En este Distancia de rescate, Amanda habla con David, el hijo de la que será su vecina durante las vacaciones, y le relata su estancia hasta entonces. Está allí con su hija Nina, en un pueblo a cuatro horas y media de la ciudad, esperando que su marido llegue el fin de semana. Pero desde el mismo principio sabemos que algo no va bien. Una sensación de inquietud marca toda la novela, pero Schweblin sabe cómo administrar la información y cómo manejar el ritmo del relato para que esa sensación vaya en aumento. No puede hablarse en sentido estricto de novela de terror, porque esto es otra cosa. Eso no quita que se vuelva más y más opresiva, más alarmante a medida que pasan las páginas. Tampoco podemos hablar de la célebre «pistola humeante» que emplea Palahniuk para dar un giro sorprendente a su historia, porque la revelación va asomando el hocico poco a poco.
No quiero desvelar nada de la trama; tan solo indicar que la distancia de rescate del título hace referencia a la relación de la madre con su hija, a la certeza de que algo terrible ocurrirá tarde o temprano. Schweblin ha demostrado su maestría a la hora de contar historias desasosegantes con un fondo de crítica social, como en los relatos «La respiración cavernaria» o «Un hombre sin suerte», incluidos en Siete casas vacías y de los que ya hablé aquí. El miedo se origina en una amenaza real, aunque en ocasiones sea invisible. Aparecen elementos sobrenaturales, es cierto, pero no son la causa de la desazón que invade tanto a Amanda como a quienes leemos la novela.
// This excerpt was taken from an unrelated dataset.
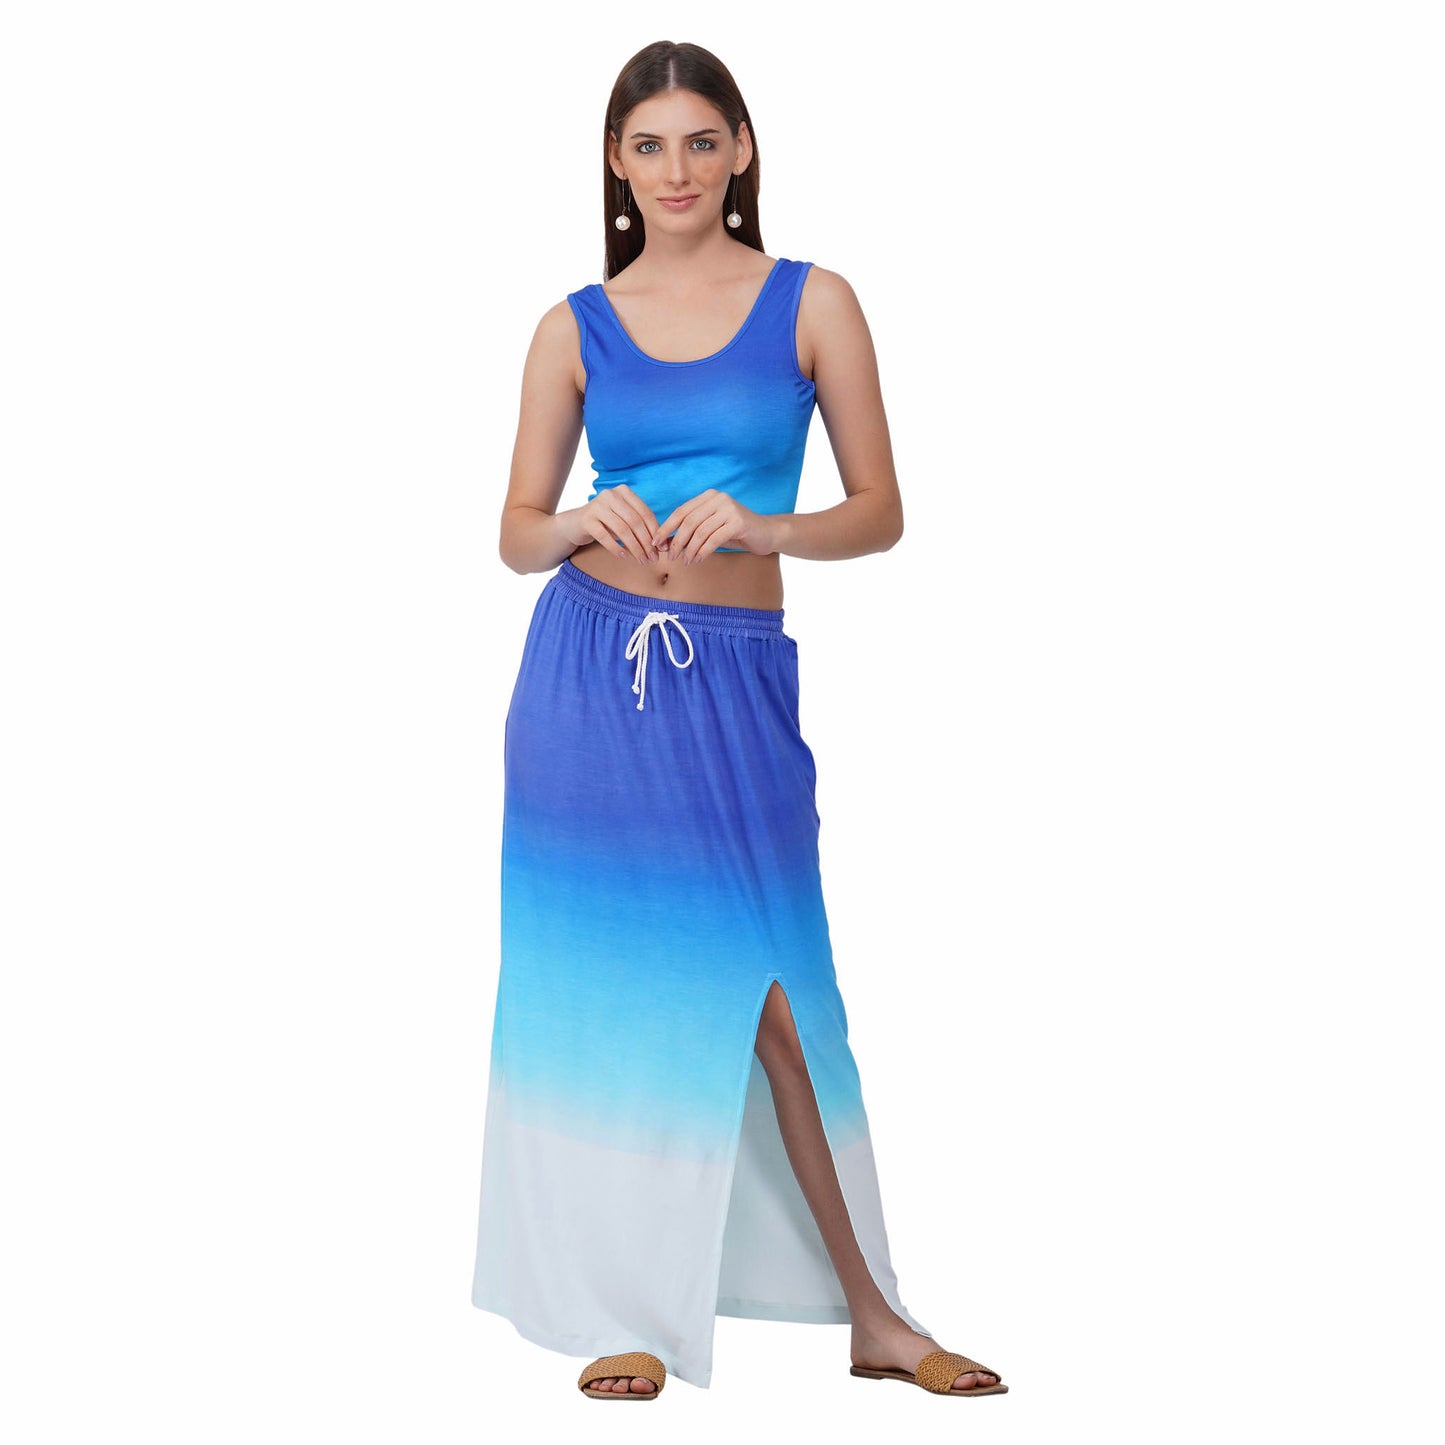 SLAY. Women's Blue to White Ombre Crop top & Skirt Co-ord Set

Todos los viajes traen consigo una transformación emocional o intelectual, y algunos incluso física. Lo que no se puede asegurar es que las consecuencias sean beneficiosas, como hace patente esta novela, con la que Schweblin ha sido galardonada con el premio Tigre Juan 2015, y que ha resultado finalista del International Booker, traducido como Fever dream. Es una obra breve, intensa y brillante a pesar de su oscuridad. O quizá lo sea gracias a ella.